Dropdown-type widgets abound in the web development space.
No matter what you call them: combobox, select box, multi-select, they all accomplish basically the same thing: selecting one or more items from many.
Sure, a lot of them have extra bells and whistles like type-ahead, sorting, custom display, etc., but with all the extra comes extra pain.
You’ll find that pretty much none of the commonly-used dropdown tools have compatible APIs. Some have events they fire, some don’t. Some will let you extend them easily, others are very constrained.
When you combine all the different options out there with a need to put a dropdown in UI-Grid, the pain multiplies:
How do I get the dropdown to display right in the grid? How do I hook the dropdown up to my data?

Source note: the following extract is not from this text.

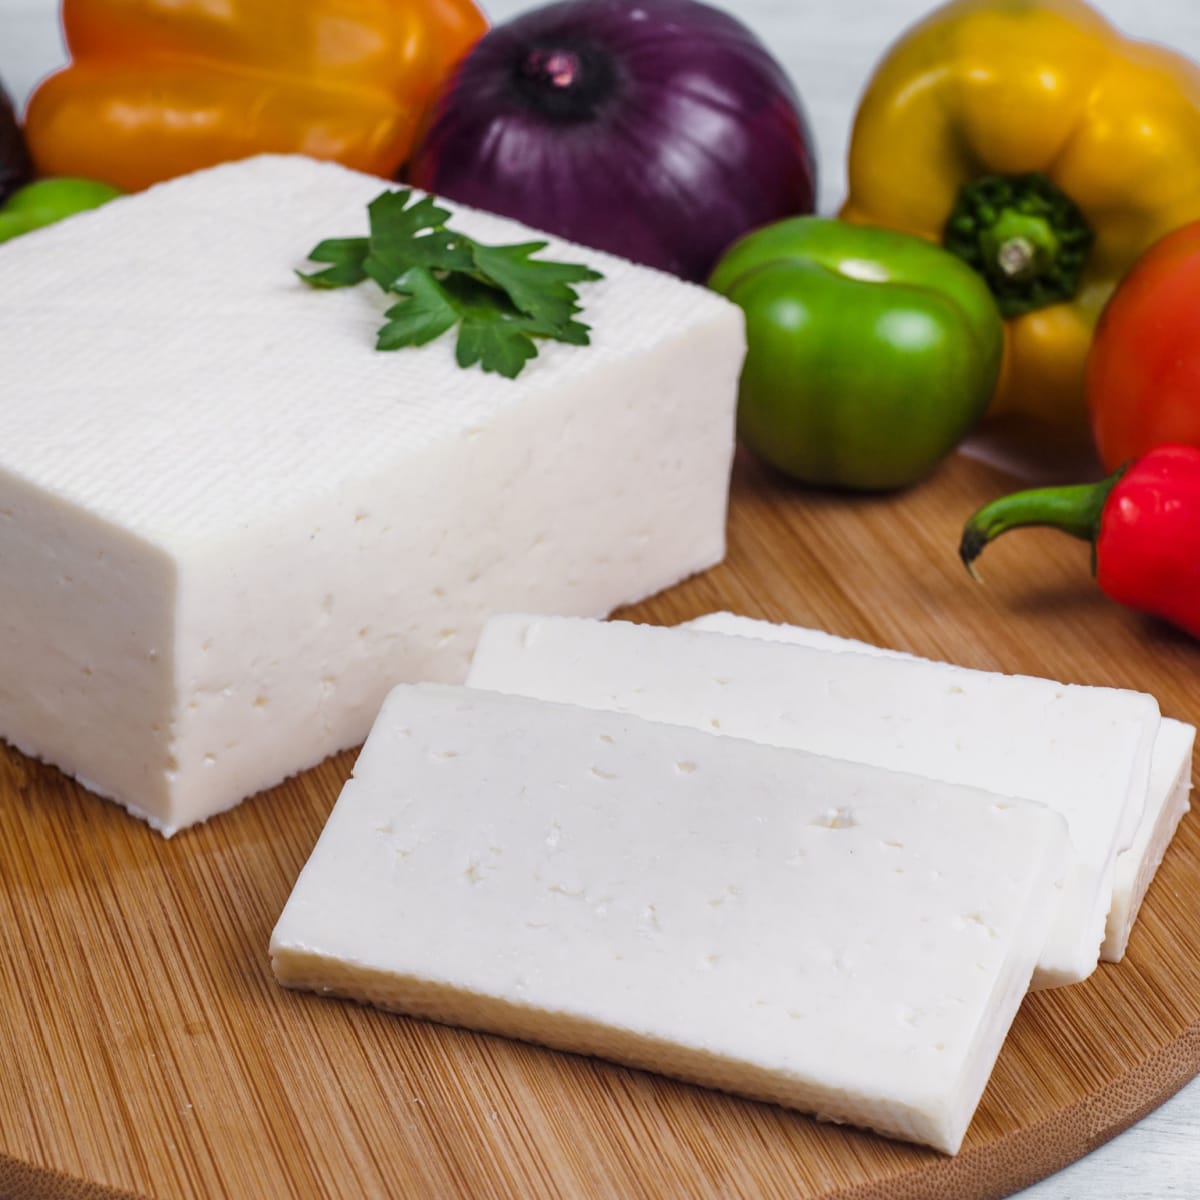 Slices of Queso Panela on a Wooden Cutting Board
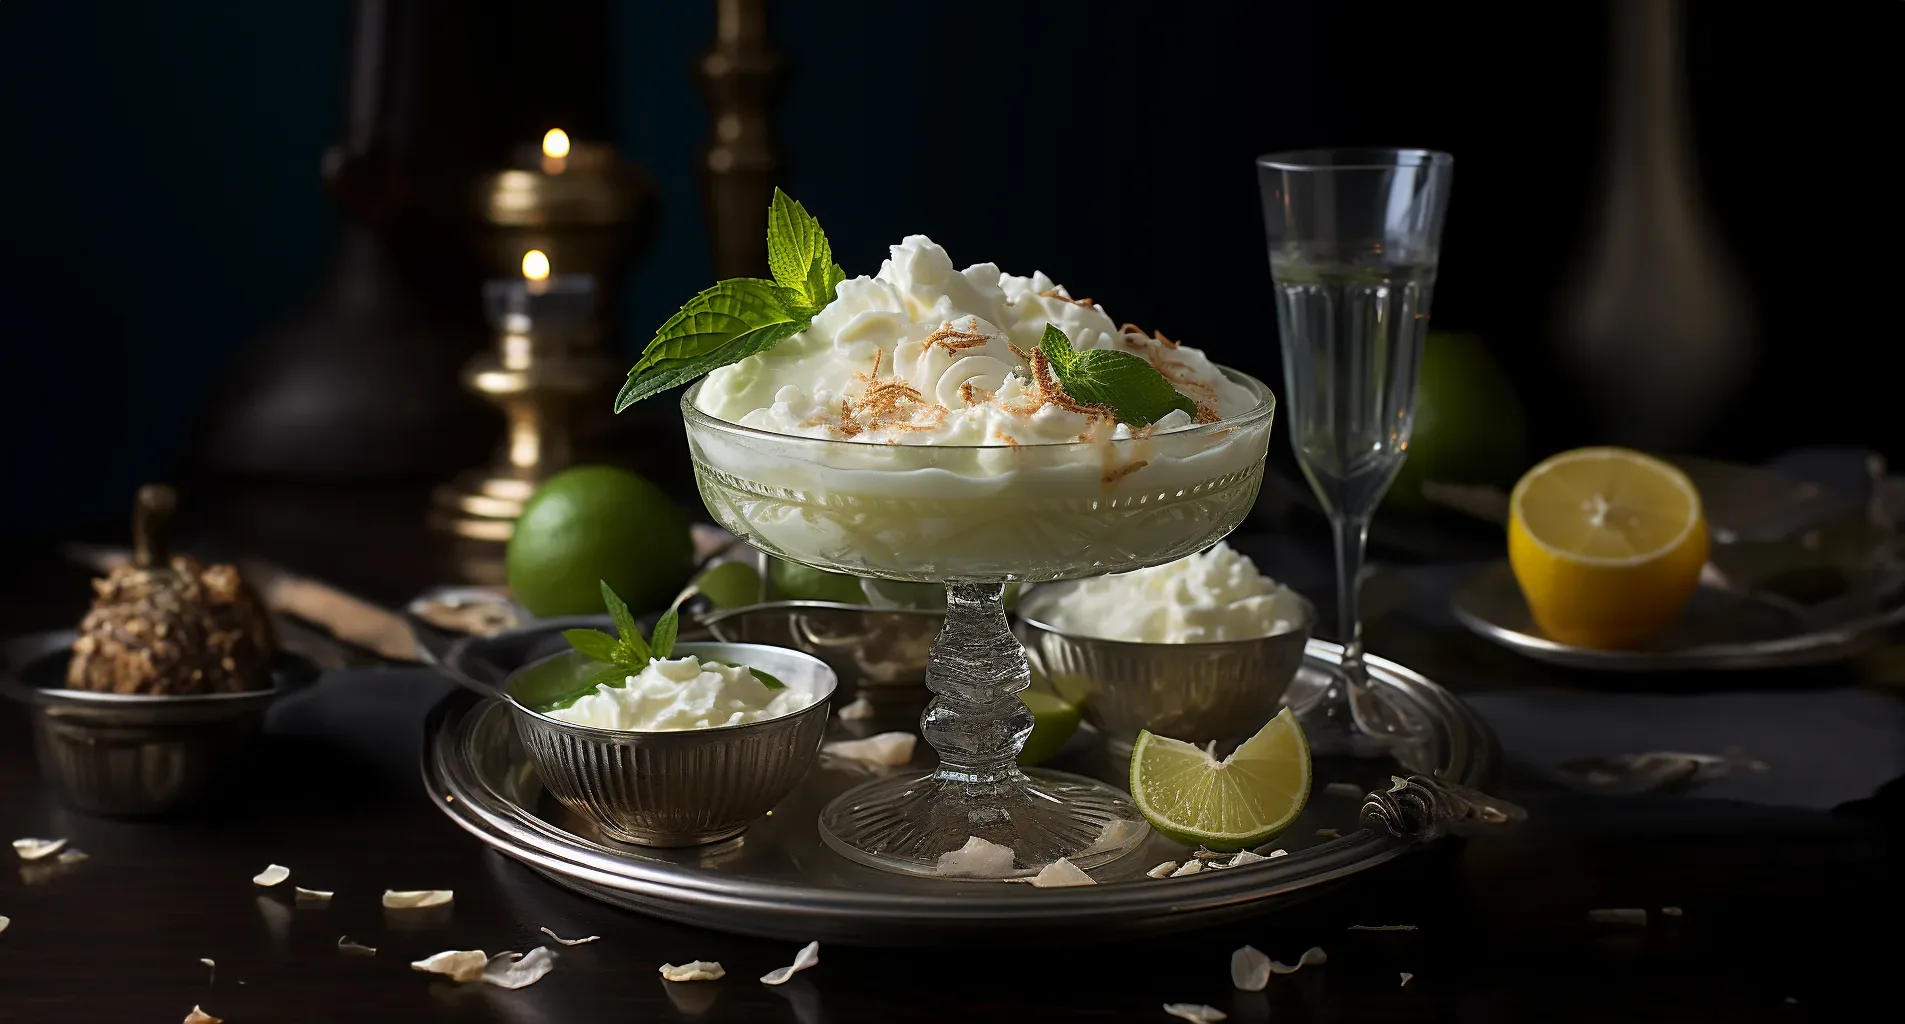 A dessert with whipped cream and lime on a silver plate. Food ideas for your wedding

And what if I spend a ton of time on this and it ends up not working?
I want to give you a quick fix that will work for a good number of your use cases.
In this post you’ll find a working example for using one of the popular dropdown widgets: UI-Select.
Why UI-Select?
Why use this one of all of the others? The short answer is that it can attach to the document body, rather than just inside its parent element. UI-Grid has to prevent visible overflow in a lot of places, which means that widgets that show potentially long lists (which dropdowns can do) can get cut off.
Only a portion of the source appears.